Arun P Johny
Arun P Johny

Reputation: 388316

Postgres: Whether to use oid or byte array

I'm working on a project where there are multiple schema within a postgres database. At times I've to move some schema from one database to another. In my data structure I'm using a lot of oid columns which are causing problems during the movement because of oid clashing with existing oid in the new database to which a schema is moved.

I'm using the following commands to take the backup and restore the schema

pg_dump -f <file> -F t -o --blobs -n <schema> <database>

pg_restore -d <database> -F t -v <file>

All my files are below 100MB size, most of them will be in few KB in size so I'm thinking about using bytea data type instead of oid.

Is it a good move or a bad one?

As per the documentation if the file size is very large then it is recommending to use oid but in my case the files will be small.

Is there any performance impact if I use bytea instead of oid like indexing/search?

Upvotes: 2

Views: 1739

Answers (1)

AngerClown
AngerClown

Reputation: 6229

The reason to not use oid (or serial) for situations like this is that they increment serially, so it's not surprising you have clashes.
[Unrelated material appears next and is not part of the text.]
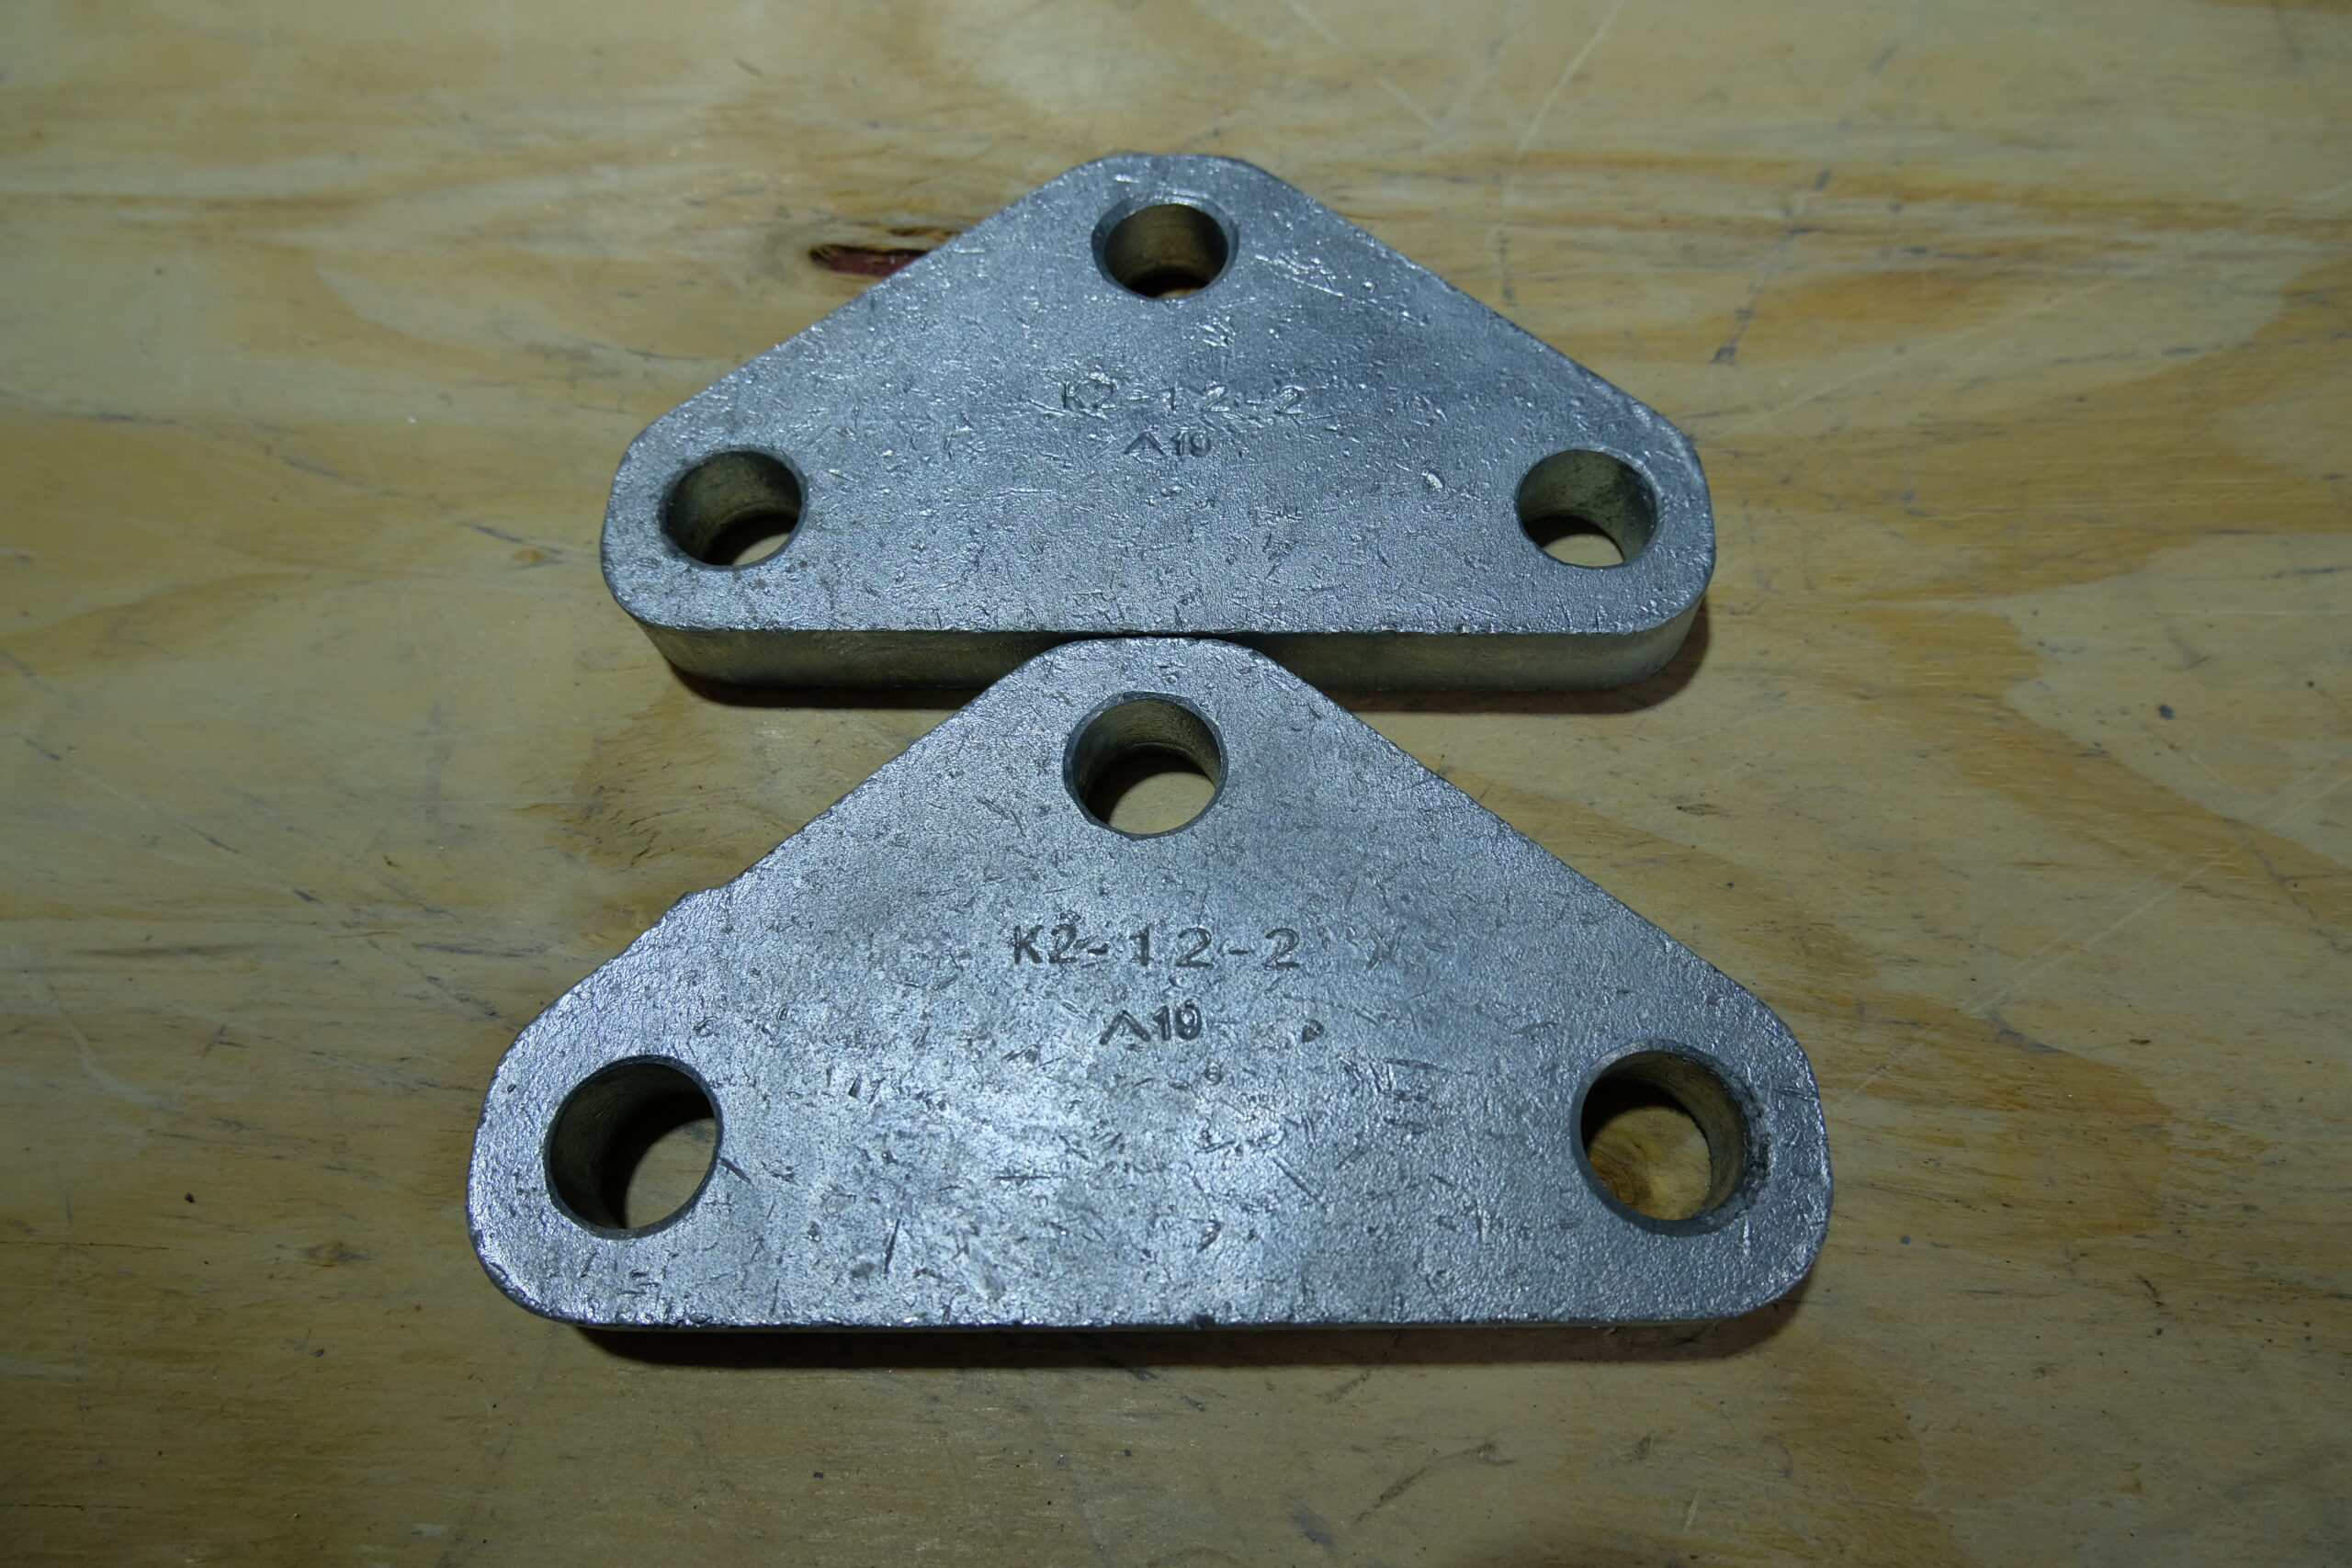 K2 12 2 scaled - Коромысла однореберные типа К2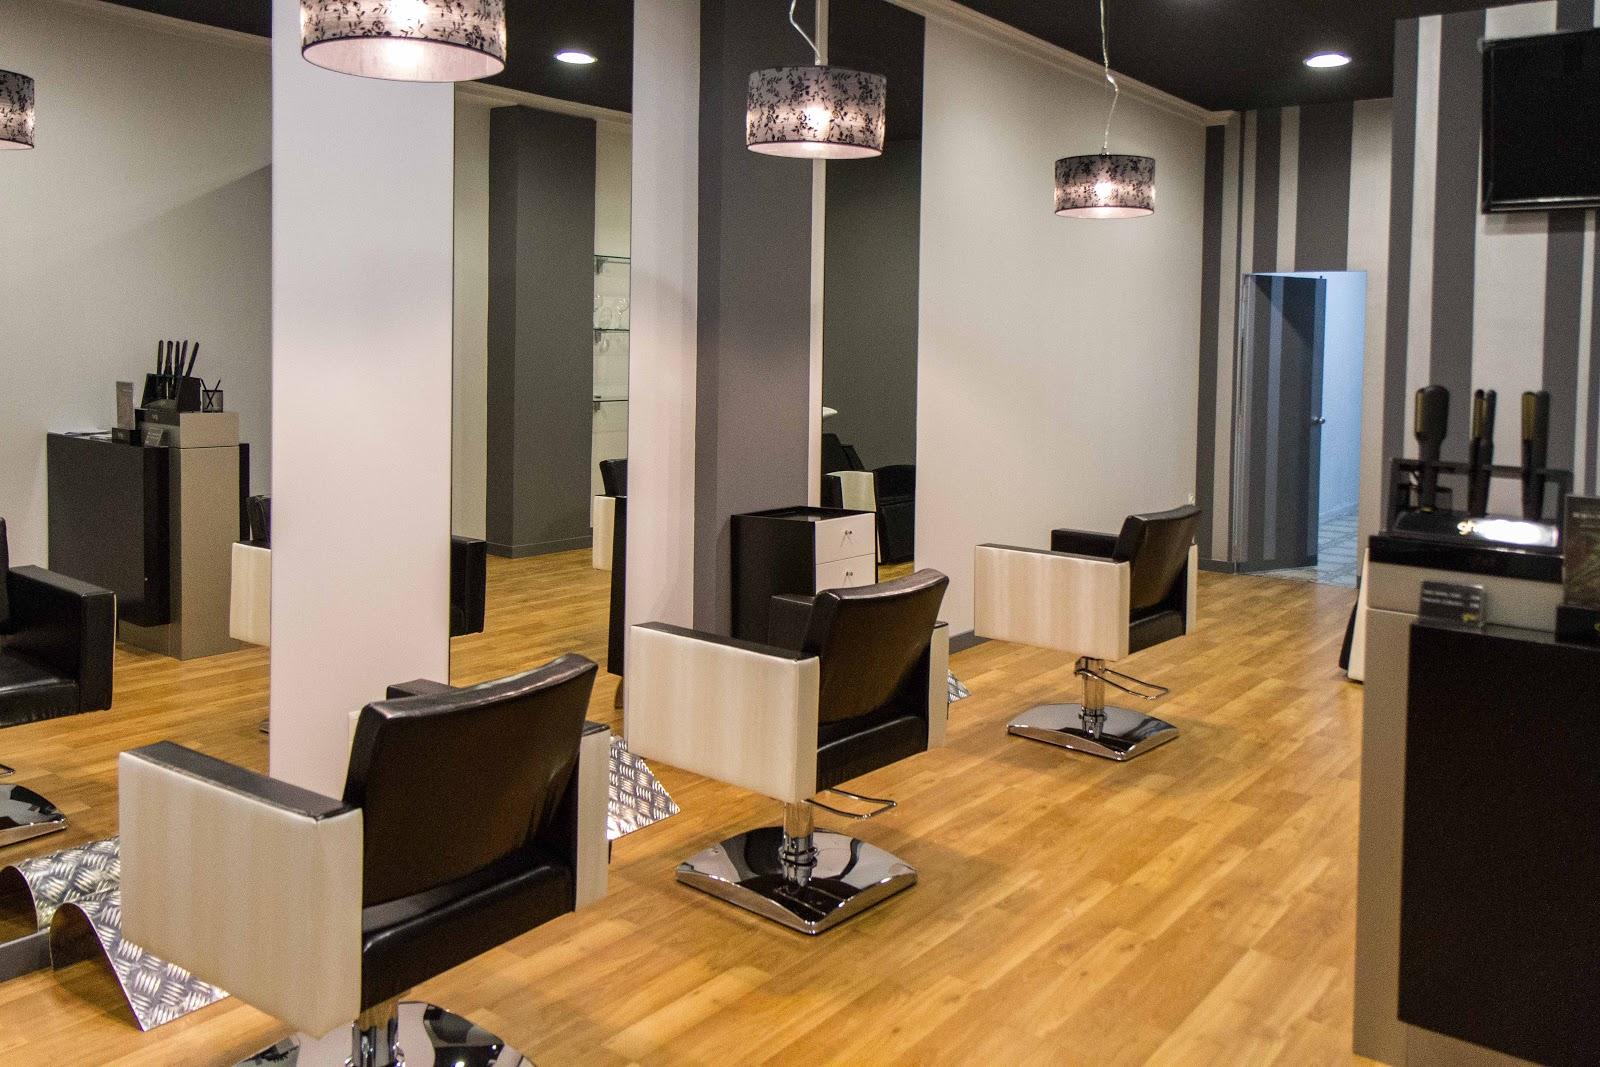 Fotos de mobiliario de peluqueria for Segunda mano muebles de peluqueria

I am not 100% sure, but reading the docs, it looks like bytea is implemented similar to varchar in terms of storage space so the index size, search speed and storage requirements will be similar. That is to say, it will take more space and be slower that using integer or long values. But, how much slower and if it matters for your use case, I am not sure.

Why not try an integer (or long), but use a random value instead of a sequential one first? If that doesn't work, I would recommend the built in uuid type rather than trying to fill up a byte array with your own generated data.